Now in order to map from a sample item (a Path
), to a numerical label (an Int
), we just compose our Path->label function with a label->int function. Curiously, Swift does not define its own compose function, so we defined a compose
operator >|
ourselves. We can use it to create our new function as a composition explicitly:
In [ ]:
// export
public func >| <A, B, C>(_ f: @escaping (A) -> B,
_ g: @escaping (B) -> C) -> (A) -> C {
return { g(f($0)) }
}
The we define a function which map a raw sample (Path
) to a numericalized label (Int
)
In [ ]:
var pathToNumericalizedLabel = ImageNette.labelOf >| labelMapper.process
Now we can, if we wish, compute numericalized labels over all the training and validation items:
In [ ]:
var trainNumLabels = samples.train.map(pathToNumericalizedLabel)
var validNumLabels = samples.valid.map(pathToNumericalizedLabel)
We've gotten pretty far just using mostly just variables, functions, and function composition. But one downside is that our results are now scattered over a few different variables, samples
, trainNumLabels
, valNumLabels
. We collect these values into one structure for convenience:
In [ ]:
//export
public struct SplitLabeledData<Item,Label> {
public var train: [(x: Item, y: Label)]
public var valid: [(x: Item, y: Label)]
public init(train: [(x: Item, y: Label)], valid: [(x: Item, y: Label)]) {
(self.train,self.valid) = (train,valid)
}
}
And we can define a convenience function to build it directly from our config and a processor.
In [ ]:
//export
public func makeSLD<C, P>(config: C.Type, procL: inout P) -> SplitLabeledData<C.Item, P.Output>
where C: DatasetConfig, P: Processor, P.Input == C.Label{
let path = C.download()
let items = C.getItems(path)
let samples = partitionIntoTrainVal(items, isTrain:C.isTraining)
let trainLabels = samples.train.map(C.labelOf)

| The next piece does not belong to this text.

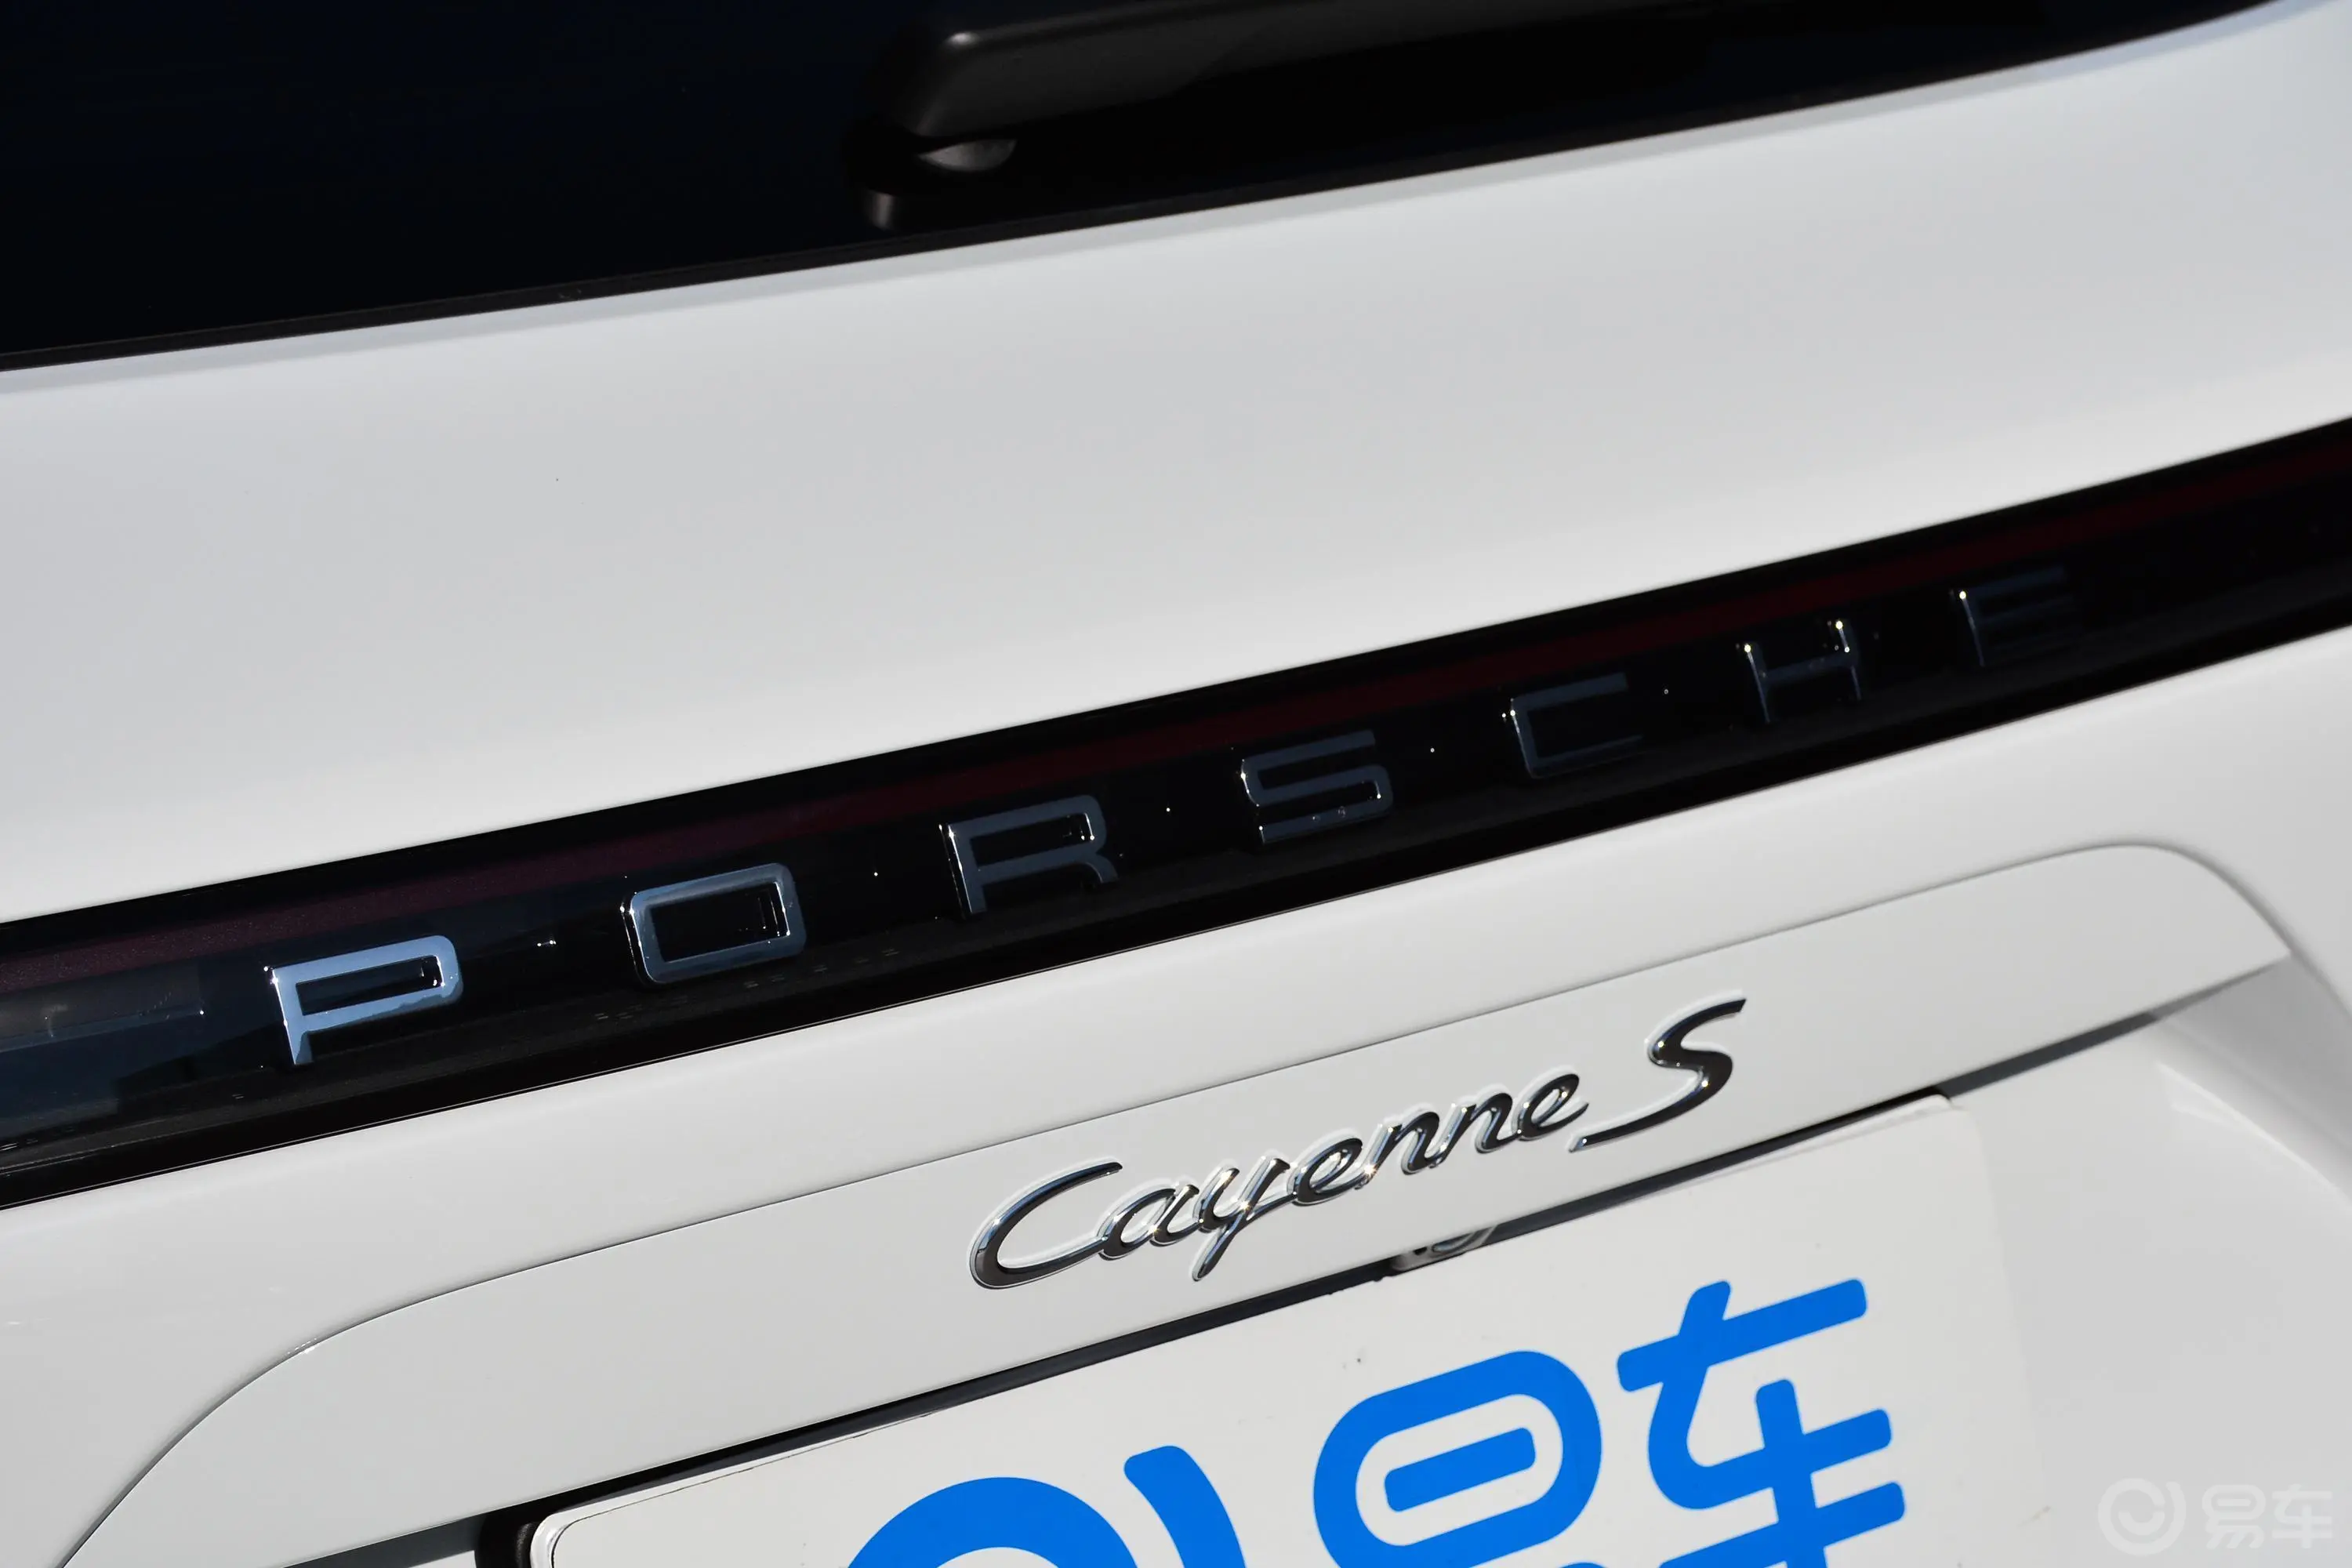 CayenneCayenne S 2.9T外观

procL.initState(trainLabels)
let itemToProcessedLabel = C.labelOf >| procL.process
return SplitLabeledData(train: samples.train.map { ($0, itemToProcessedLabel($0)) },
valid: samples.valid.map { ($0, itemToProcessedLabel($0)) })
}
In [ ]:
var procL = CategoryProcessor()
let sld = makeSLD(config: ImageNette.self, procL: &procL)
We can use the same compose approach to convert our images from Path
filenames to resized images, or add all the data augmentation we want.
In [ ]:
//export
import Foundation
import SwiftCV
First let's open those images with openCV:
In [ ]:
//export
public func openImage(_ fn: Path) -> Mat {
return imdecode(try! Data(contentsOf: fn.url))
}
And add a convenience function to have a look.
In [ ]:
//export
public func showCVImage(_ img: Mat) {
let tensImg = Tensor<UInt8>(cvMat: img)!
let numpyImg = tensImg.makeNumpyArray()
plt.imshow(numpyImg)
plt.axis("off")
plt.show()
}
In [ ]:
showCVImage(openImage(sld.train.randomElement()!.x))
The channels are in BGR instead of RGB so we first switch them with openCV
In [ ]:
//export
public func BGRToRGB(_ img: Mat) -> Mat {
return cvtColor(img, nil, ColorConversionCode.COLOR_BGR2RGB)
}
Then we can resize them
In [ ]:
//export
public func resize(_ img: Mat, size: Int) -> Mat {
return resize(img, nil, Size(size, size), 0, 0, InterpolationFlag.INTER_LINEAR)
}
With our compose operator, the succession of transforms can be written in this pretty way:
In [ ]:
let transforms = openImage >| BGRToRGB >| { resize($0, size: 224) }
And we can have a look at one of our elements:
In [ ]:
showCVImage(transforms(sld.train.randomElement()!.x))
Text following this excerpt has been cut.